Disadvantages of AI auditing
Fable 5 excels in detecting vulnerabilities in single contracts, pure code syntax, and low-level storage, but still exhibits clear limitations when confronting cross-protocol compositional semantics and multi-contract combination attacks. We employed the latest public version of Fable 5 to retest the contracts related to the Curve LlamaLend sDOLA attack event, and the results confirmed this issue.
This audit covers the following contracts: crvUSD Controller.vy, sDOLA.sol, ERC4626.sol, and related contracts. However, Fable 5 failed to identify the core risk associated with this attack:


This incident is a typical cross-protocol composite vulnerability, where the individual contract code has no syntactic or logical issues, but the attacker exploited the interaction between multiple protocols to construct an attack chain:
1. Using flash loan tools to manipulate the Curve pool price and maliciously depress the asset price of sDOLA (ERC-4626 vault shares);
2. A large number of borrowing positions collateralized with sDOLA have triggered liquidation thresholds;
3. Attackers execute liquidations in bulk to profit from them.
These vulnerabilities arise from combinations of multiple DeFi protocols and test the comprehensive analytical capabilities of AI and audit experts regarding overall business logic and protocol economic models; currently, AI auditing still has limitations in understanding cross-protocol compositional semantics.
Conclusion
Real-world case testing shows that Fable 5 effectively uncovers hidden vulnerabilities often missed by manual audits in standardized, detailed scenarios such as storage slot conflicts, code pattern vulnerabilities, single-contract logic flaws, and initial batch code screening.
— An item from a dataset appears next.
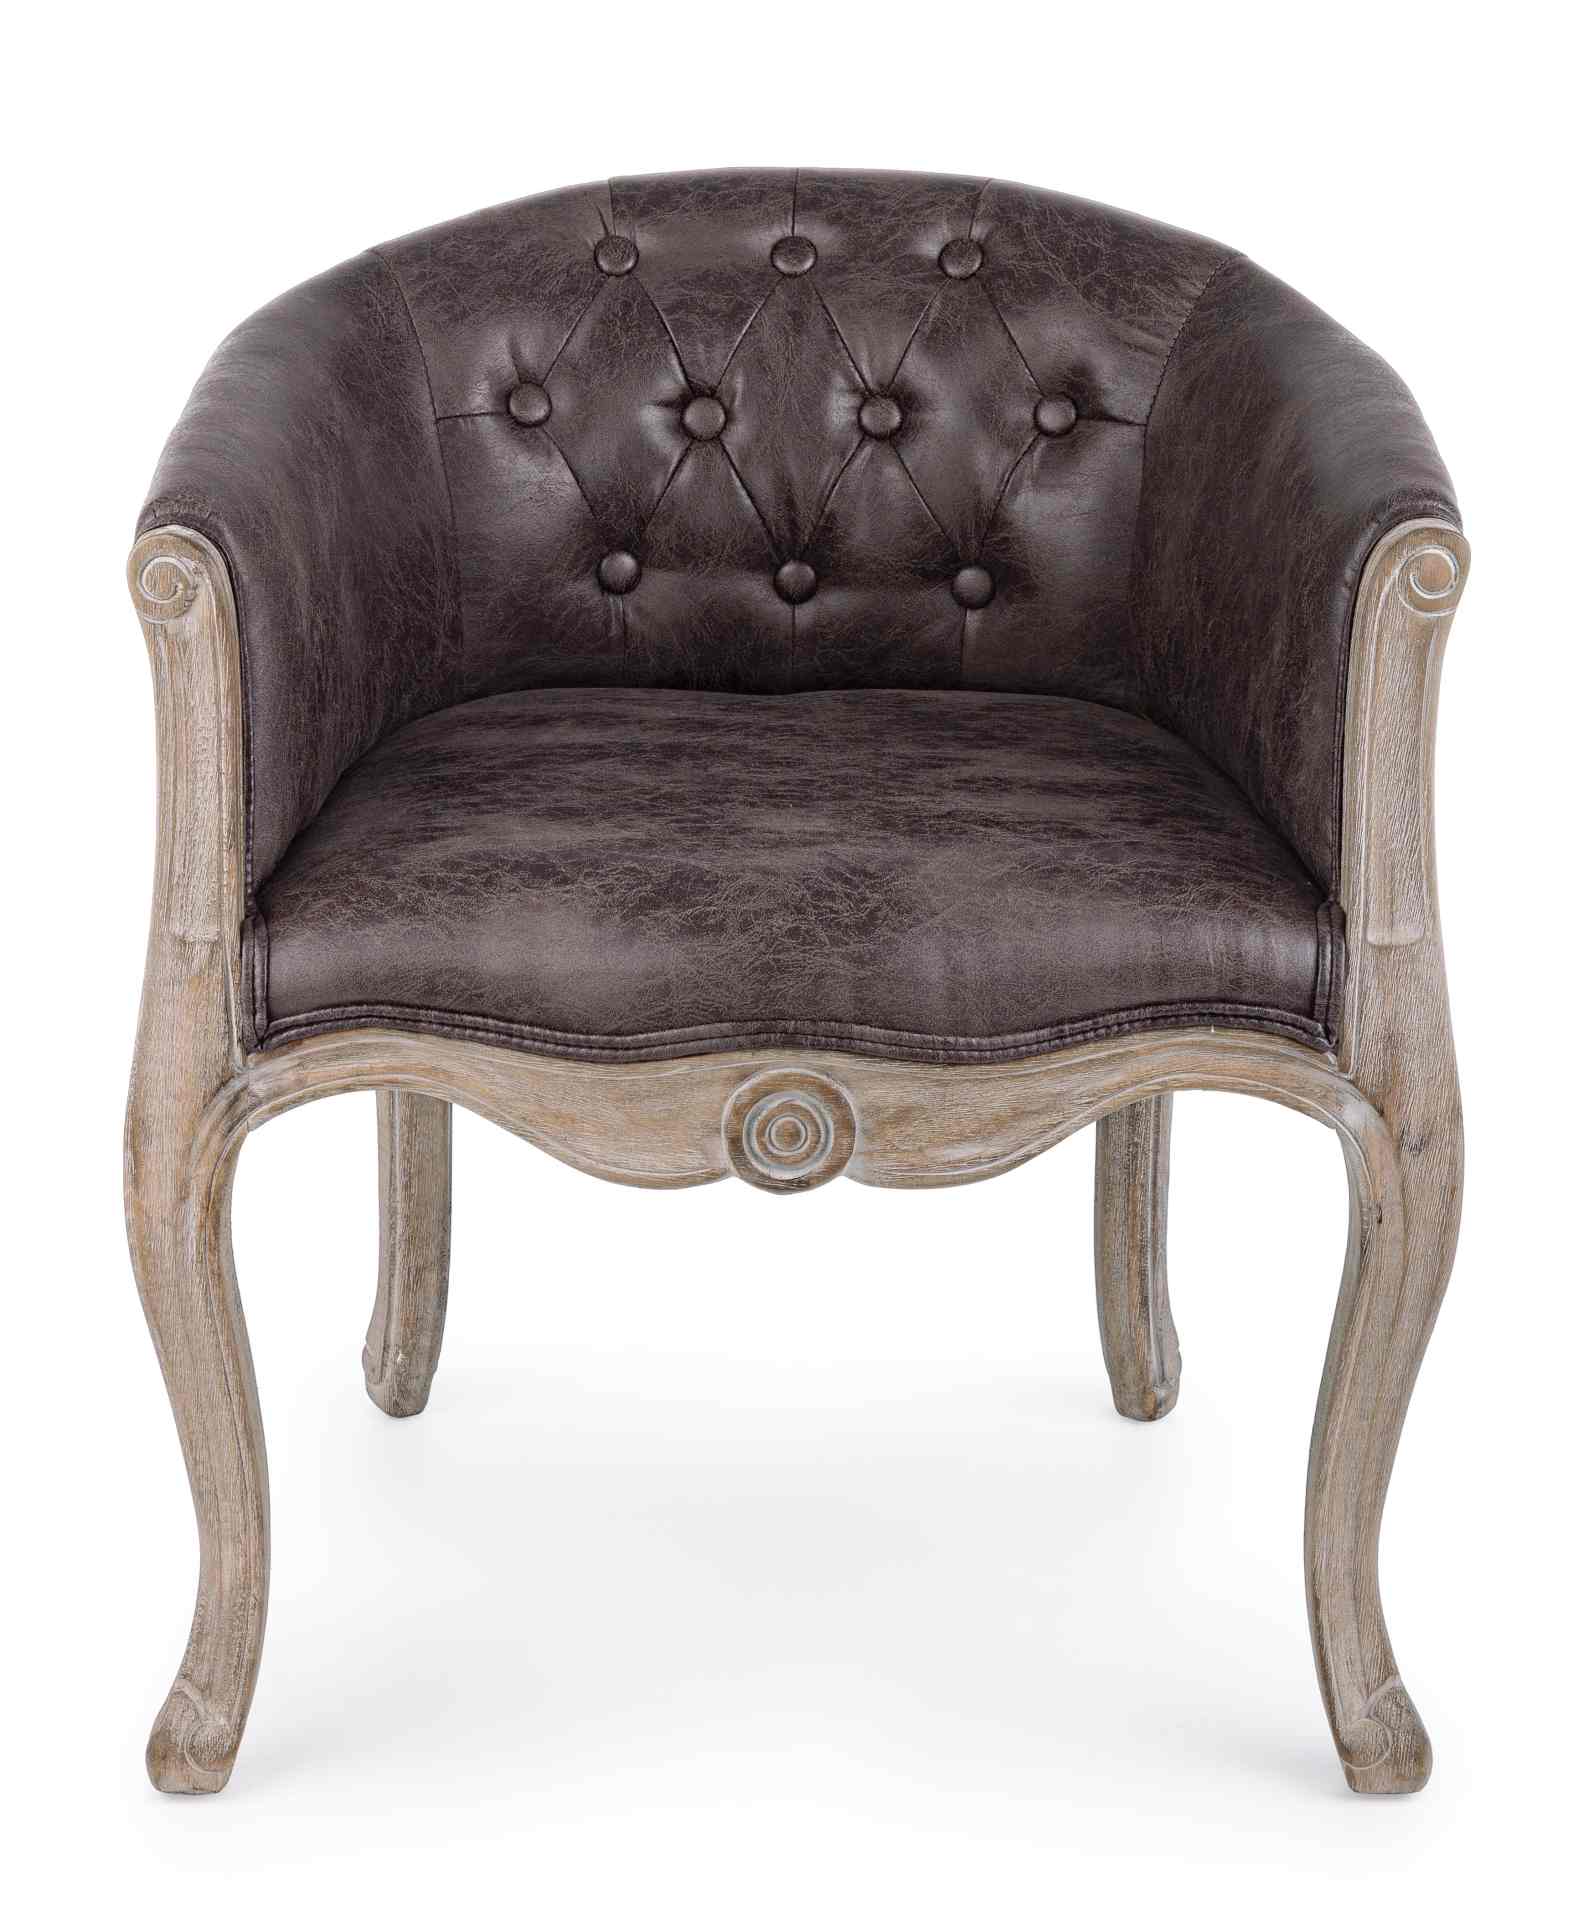 Der Sessel Diva überzeugt mit seinem klassischen Design. Gefertigt wurde er aus Kunstleder, welches einen braunen Farbton besitzt. Das Gestell ist aus Kautschukholz und hat eine natürliche Farbe. Der Sessel besitzt eine Sitzhöhe von 43 cm. Die Breite betr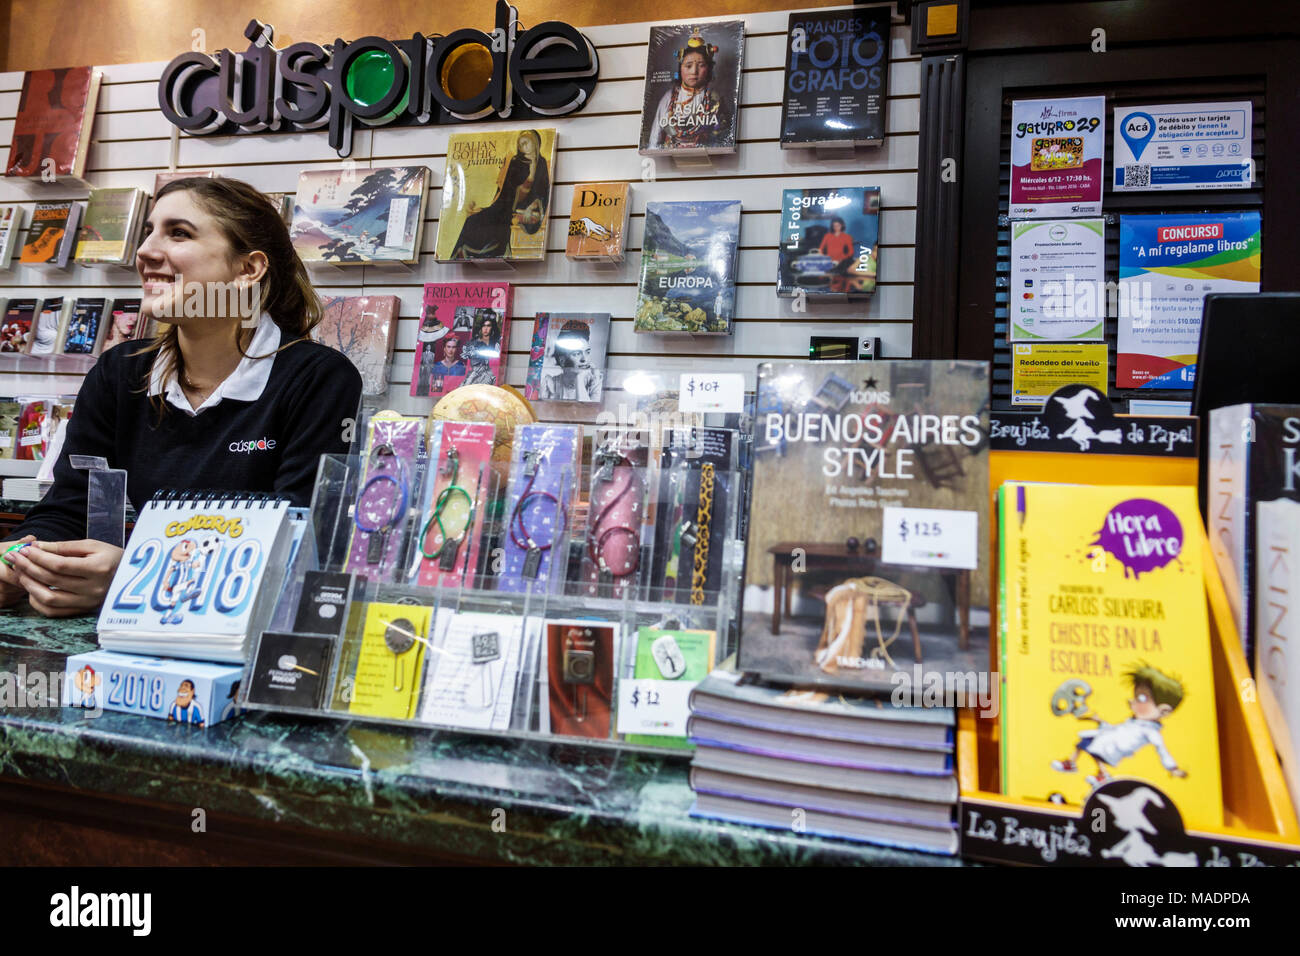 Buenos Aires Argentina, Recoleta Mall, libreria Libreria Cuspide Books, vendita al dettaglio, interno interno, cassiere, ragazza ragazze, femmina bambini bambini bambini bambini giovani Foto Stock

However, it struggles to understand the business essence of on-chain ecosystems and identify composite attack paths in complex scenarios including cross-protocol compositional semantics, DeFi economic models, multi-contract coordinated attacks, and intricate business logic vulnerabilities—areas that still require professional security auditors to lead the analysis.
In routine audit work, Beosin has established a mature audit process that combines AI with security audit experts, significantly improving audit efficiency while better identifying potential subtle risks and complex business logic vulnerabilities, making audits more efficient, comprehensive, and in-depth.